Prior to subjecting a patient's eye to an ultrasound scan, a light source is positioned above a liquid bath in which the patient's eye is submerged. A beam of alignment light is directed at the submerged eye and another light source is positioned above the patient's second eye. The second light source is then moved until the patient indicates a fusion of the light sources into a single spot, at which point it is known that the visual axes of the eyes are vertical and aligned.
During scanning, radio frequency echo data are digitized at a high rate (i.e. well above the Nyquist rate) and images are constructed from the stored radio frequency data.
There are several drawbacks and disadvantages associated with the noted B-scan device. A major drawback is that the eye is scanned with a single beam via linear translation of the transducer. The curved specular surfaces of the eye, especially the cornea, thus result in significant signal loss as the angle of the surface departs from the normal to the transducer axis. For this reason, data acquired by linear scanning are typically limited to an area of 3-3.5 mm in diameter of cornea and images of the anterior segment to one quadrant at a time.
Further, during scanning with the B-scan device, as well as most known conventional B-scan devices, the eye is open and the cornea and conjunctiva are exposed to methycellulose and the moving ultrasonic transducer or probe. B-scan devices thus cannot guarantee a sterile field.
The noted B-scan device, and devices similar thereto, have thus not been found useful for clinical routine three dimensional images and/or representations of ocular structures.
It would thus be desirable to provide apparatus, systems and methods for providing rapid, accurate representations of biological structures; particularly eye structures.
It is therefore an object of the present invention to provide apparatus, systems and methods for providing rapid, accurate representations of biological structures; particularly eye structures.

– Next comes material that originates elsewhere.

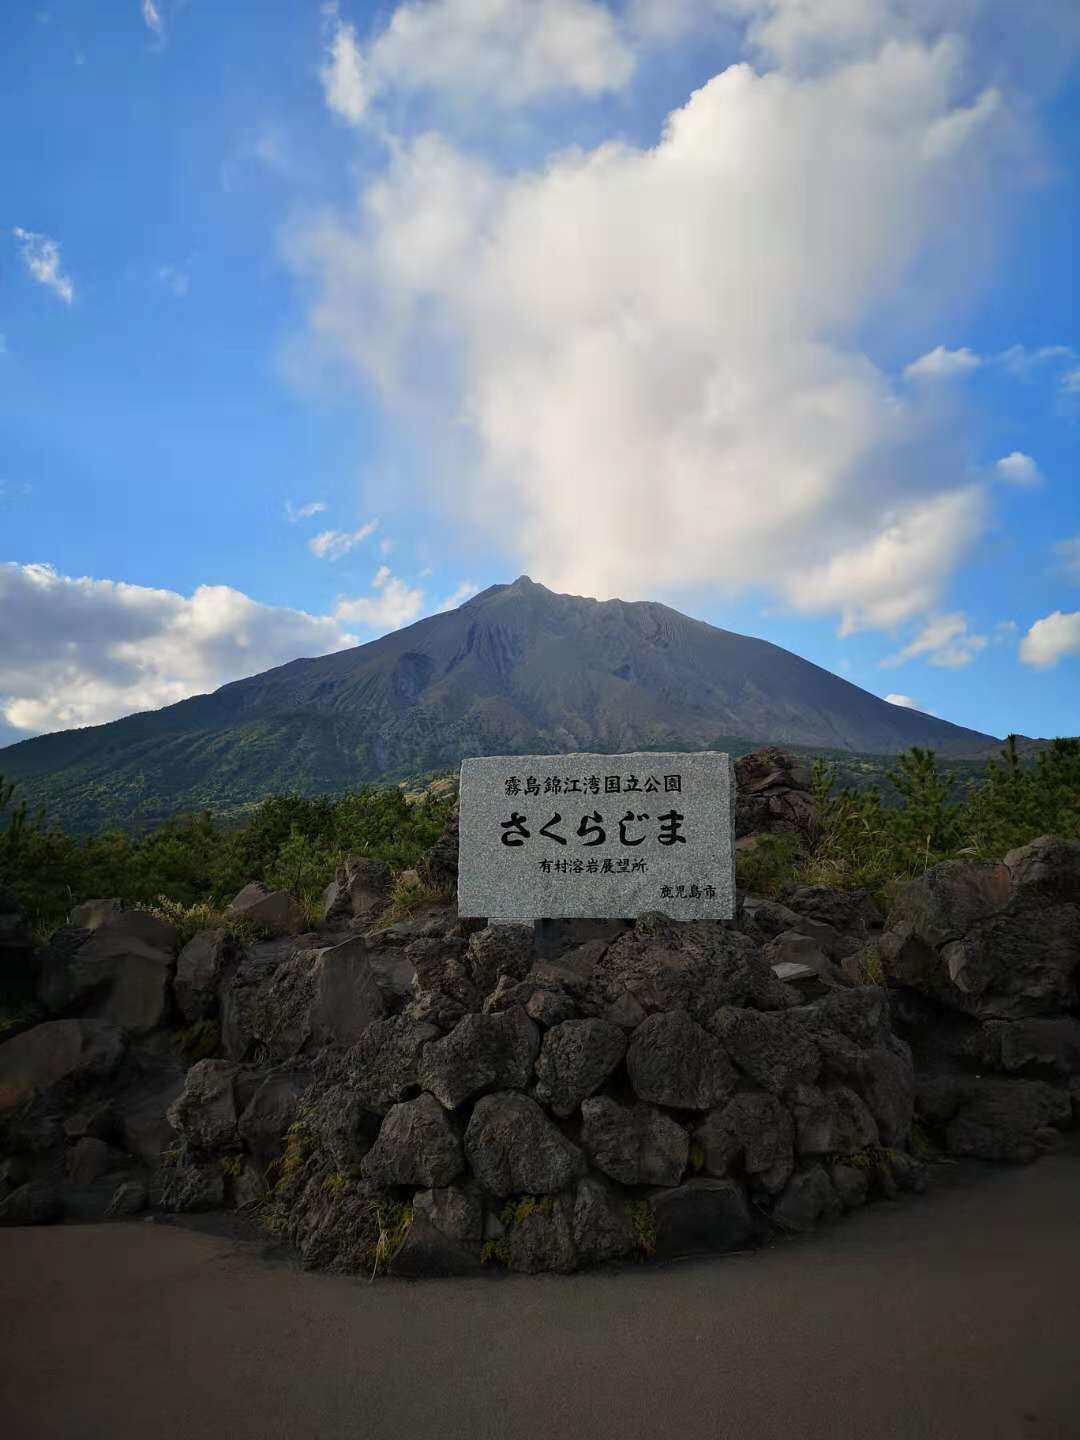 【拜访全球最浪漫的活火山】鹿儿岛·樱岛15000字超长旅行攻略 - 哔哩哔哩

It is another object of the present invention to provide ultrasonic scanning apparatus, systems and methods for providing rapid and accurate three-dimensional (3-D) images of scanned biological structures and/or tissue associated therewith.
It is another object of the present invention to provide ultrasonic scanning apparatus, systems and methods for providing rapid and accurate three-dimensional (3-D) images of scanned biological structures during therapeutic procedures.
It is another object of the present invention to provide ultrasonic scanning apparatus, systems and methods for providing rapid and accurate three-dimensional (3-D) images of scanned biological structures and the focal point of the transmitted therapeutic energy (i.e. beam) during therapeutic procedures.